Install PyTorch first (select the wheel that matches your CUDA version), then the remaining packages:
pip install torch --index-url https://download.pytorch.org/whl/cu121
pip install fastapi uvicorn loguru transformers openai anthropic google.generativeai vllm
vllm requires a CUDA-capable GPU. Omit it if you are running on CPU or will only use the HuggingFace Inference API backend.
3

Start the server

Change into the server directory and launch uvicorn on port 23337 (the port LeanCopilot defaults to):
cd lean_dojo_v2/external_api/python/
uvicorn server:app --port 23337
The server logs startup messages via loguru. Once you see Application startup complete, the endpoints are live.

Available Endpoints

The server (server.py) exposes two POST routes:

POST /generate

Accepts a tactic generation request and returns ranked tactic candidates. Optionally integrates a LeanProgress scorer to attach reward signals to each candidate. Request body:
{
  "name": "deepseek",
  "input": "n : ℕ\n⊢ gcd n n = n",
  "prefix": null,
  "use_reward": false
}
FieldTypeDescription
namestringModel bundle key registered in server.py (e.g., "deepseek").
inputstringThe current Lean proof state (goal string).
prefixstring | nullOptional tactic prefix to constrain generation.
use_rewardbooleanIf true, runs each candidate through the LeanProgress scorer and returns steps_remaining and reward fields. Requires LEANPROGRESS_MODEL to be set.
Response body:
{
  "outputs": [
    {
      "output": "exact Nat.gcd_self n",
      "score": 0.91,
      "model_score": 0.91,
      "steps_remaining": null,
      "reward": null
    }
  ]
}
Each Generation object in outputs has:
FieldTypeDescription
outputstringThe generated tactic text.
scorefloatComposite score (equals reward when use_reward=true, otherwise the model log-probability score).
model_scorefloat | nullRaw log-probability score from the generation model. Only populated when use_reward=true.
steps_remainingfloat | nullPredicted steps remaining from LeanProgress (only populated when use_reward=true).
rewardfloat | nullNegative of steps_remaining — higher is better (only when use_reward=true).
If use_reward: true is sent but no LEANPROGRESS_MODEL environment variable is configured, the server returns HTTP 400 with "LeanProgress scoring requested but no model configured." Set the variable before starting the server.

POST /encode

Returns a dense embedding vector for the given input string. Only available for model bundles whose generator implements the Encoder mixin. Request body:
{
  "name": "deepseek",
  "input": "n : ℕ\n⊢ gcd n n = n"
}
Response body:
{
  "outputs": [0.021, -0.134, 0.879, "..."]
}
If the requested model does not support encoding, the server returns HTTP 400.

Model Bundles

The server registers models as ModelBundle objects that pair a Generator with an optional LeanProgressScorer:
from external_models import HFTacticGenerator
from leanprogress import LeanProgressScorer
from dataclasses import dataclass
from typing import Optional

@dataclass
class ModelBundle:
    generator: Generator
    progress_scorer: Optional[LeanProgressScorer] = None
The default bundle registered in server.py wraps deepseek-ai/DeepSeek-Prover-V2-671B:novita via the HuggingFace Inference router:
models = {
    "deepseek": ModelBundle(
        generator=HFTacticGenerator(
            model="deepseek-ai/DeepSeek-Prover-V2-671B:novita",
            temperature=0.6,
            max_new_tokens=256,
            top_p=0.9,
            length_penalty=0,
            num_return_sequences=4,
            do_sample=True,
            output_scores=True,
            output_logits=False,
            return_dict_in_generate=True,
            device="auto",
        ),
        progress_scorer=_build_progress_scorer(),
    ),
}
Add additional bundles by extending the models dictionary with new keys before starting the server.

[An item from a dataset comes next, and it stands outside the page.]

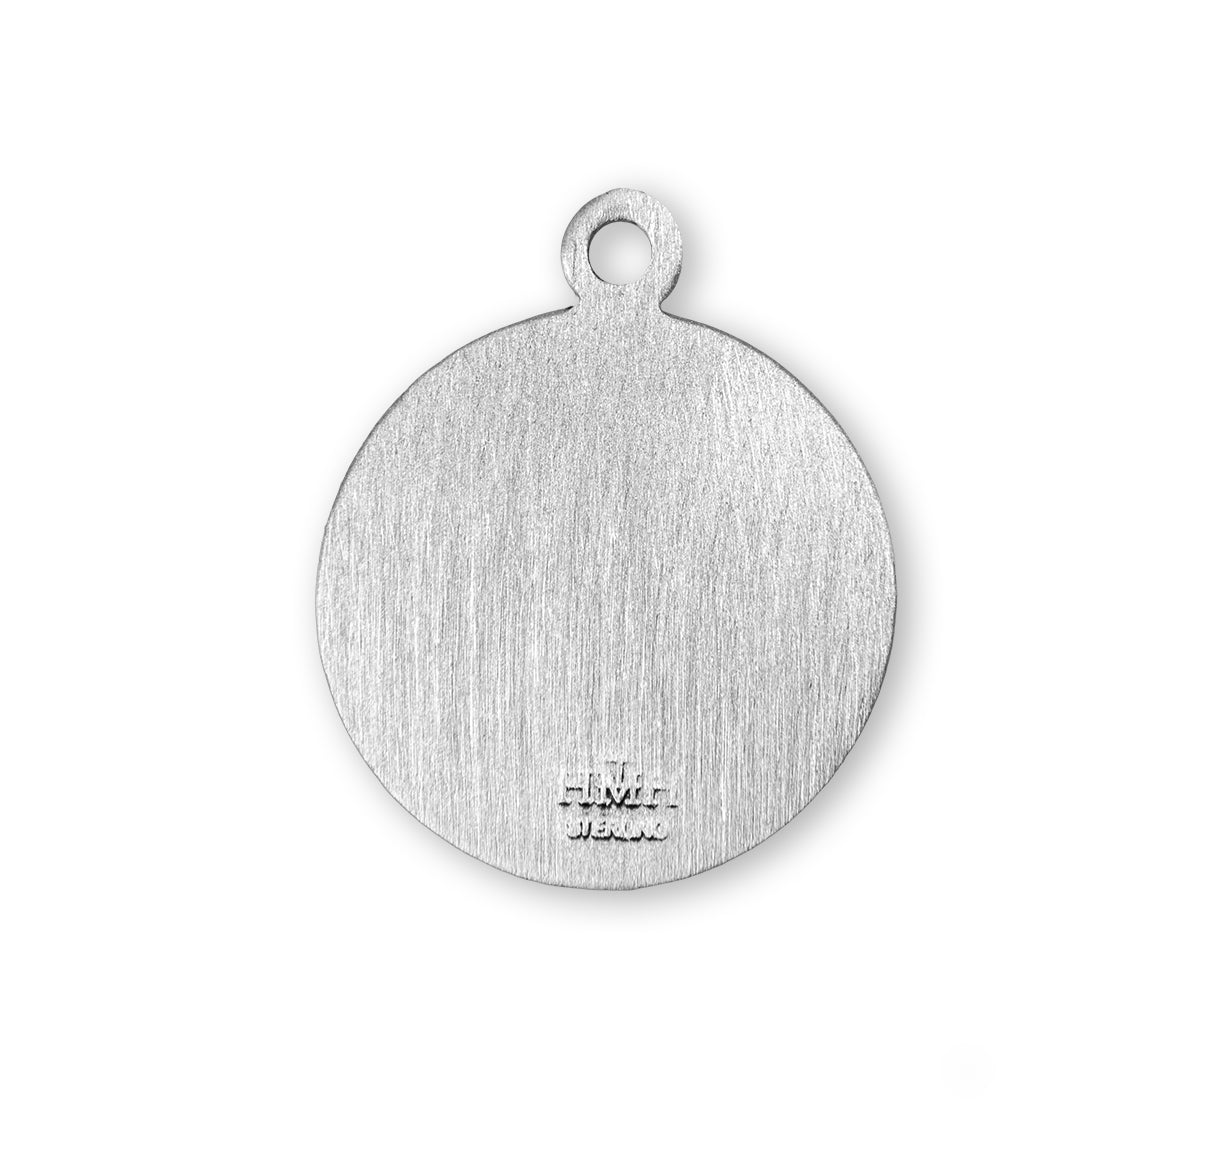 St. Zachary Sterling Silver Medal Necklace

HFTacticGenerator — HuggingFace Inference API Backend

The HFTacticGenerator class (external_models/hf_runner.py) calls the HuggingFace Inference Router (https://router.huggingface.co/v1/chat/completions) and requires the HF_TOKEN environment variable:
from lean_dojo_v2.external_api.python.external_models.hf_runner import HFTacticGenerator

generator = HFTacticGenerator(
    model_name="deepseek-ai/DeepSeek-Prover-V2-671B:novita"
)

# Generate a tactic candidate for a proof state
tactic = generator.generate("n : ℕ\n⊢ gcd n n = n")
# Returns a tactic string, or "sorry" on failure

# Generate a complete proof for a theorem statement
proof = generator.generate_whole_proof(
    "theorem gcd_self (n : ℕ) : Nat.gcd n n = n := by"
)
HFTacticGenerator also deduplicates across calls: once a (input, tactic) pair has been returned, it skips that pair and tries the next candidate, reducing redundant suggestions during beam search.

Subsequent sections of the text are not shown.